Topic:Watching ongoing reactions by single-particle catalysis
Time: 2021.10.25 15:30
Speaker: Günther Rupprechter
Tencent meeting: 792 440 073
Introduction of the speaker:
Günther Rupprechter received his Ph.D. in Physical Chemistry from the University of Innsbruck (Austria). After being a postdoctoral fellow at the University of California at Berkeley and the Lawrence Berkeley National Laboratory (with Gabor A. Somorjai), he became group leader for Laser Spectroscopy and Catalysis at the Fritz Haber Institute of the Max Planck Society in Berlin (Germany) from 1999 to 2005 (with Hajo Freund). In 2005 he accepted a Full Professorship in Surface and Interface Chemistry at Technische Universität Wien (Austria).
His research emphasis is on heterogeneous catalysis, particularly in situ (operando) spectroscopy/microscopy on the model and technological catalysts.

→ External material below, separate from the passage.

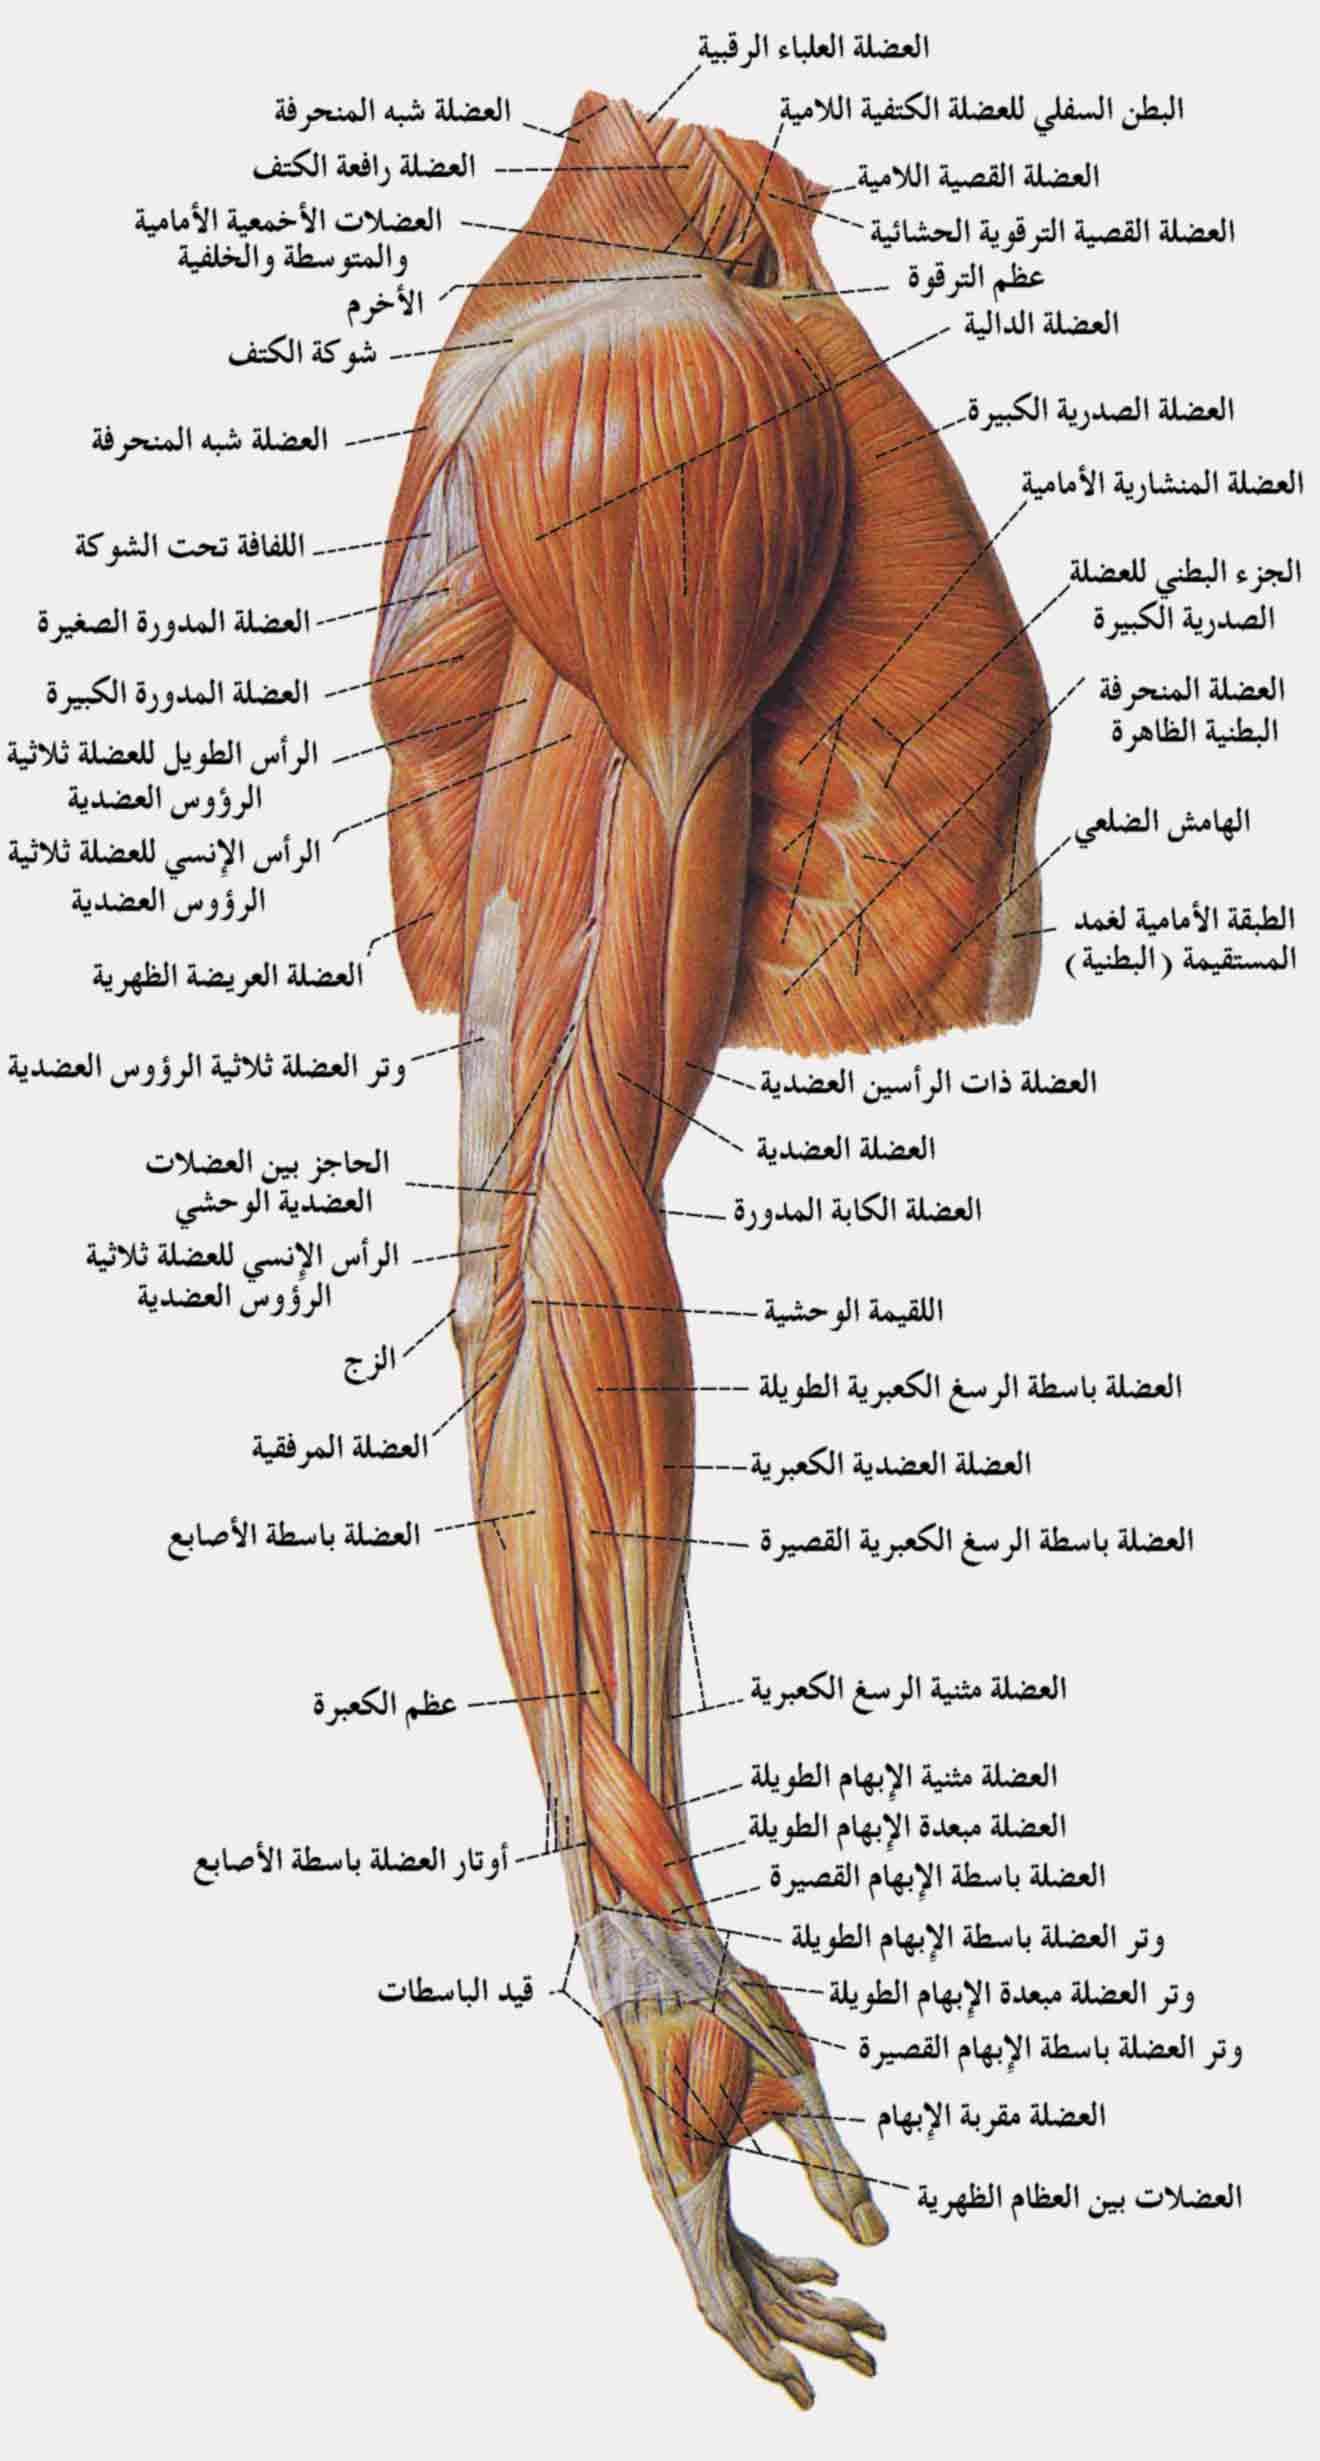 بالصور و الشرح : علم وظائف أعضاء جسم الإنسان - مع تشريح جسم الانسان - ملتقى  الشفاء الإسلامي

In 2005 he received the Jochen Block Award of the German Catalysis Society for “the application of surface science methods to heterogeneous catalysis” and became a corresponding member of the Austrian Academy of Sciences in 2012. Since 2018 he is a “Renowned Overseas Professor” of Shanghai University of Engineering Science.
Abstract:
Operando spectroscopic characterization of working catalysts is a powerful tool to identify the relevant catalyst structure/composition and how molecules interact with interfaces. However, this approach typically averages over trillions of catalyst particles varying in size, exposed facets, composition, and metal/support interface. Accordingly, the local catalytic activity/selectivity may be quite different from the global (averaged) catalytic performance.
In contrast, operando surface microscopy provides direct access to the local catalytic structure and composition. In favorable cases, reactants and/or products can be imaged as well, monitoring processes like catalytic ignition, poisoning, CO tolerance, metal/support interactions, and oscillatory behavior. Such studies finally even identify so-called pacemakers, i.e., specific ensembles on the catalyst surface where catalytic transitions and reaction fronts initiate. Three examples are presented that may stimulate new ways of catalyst design.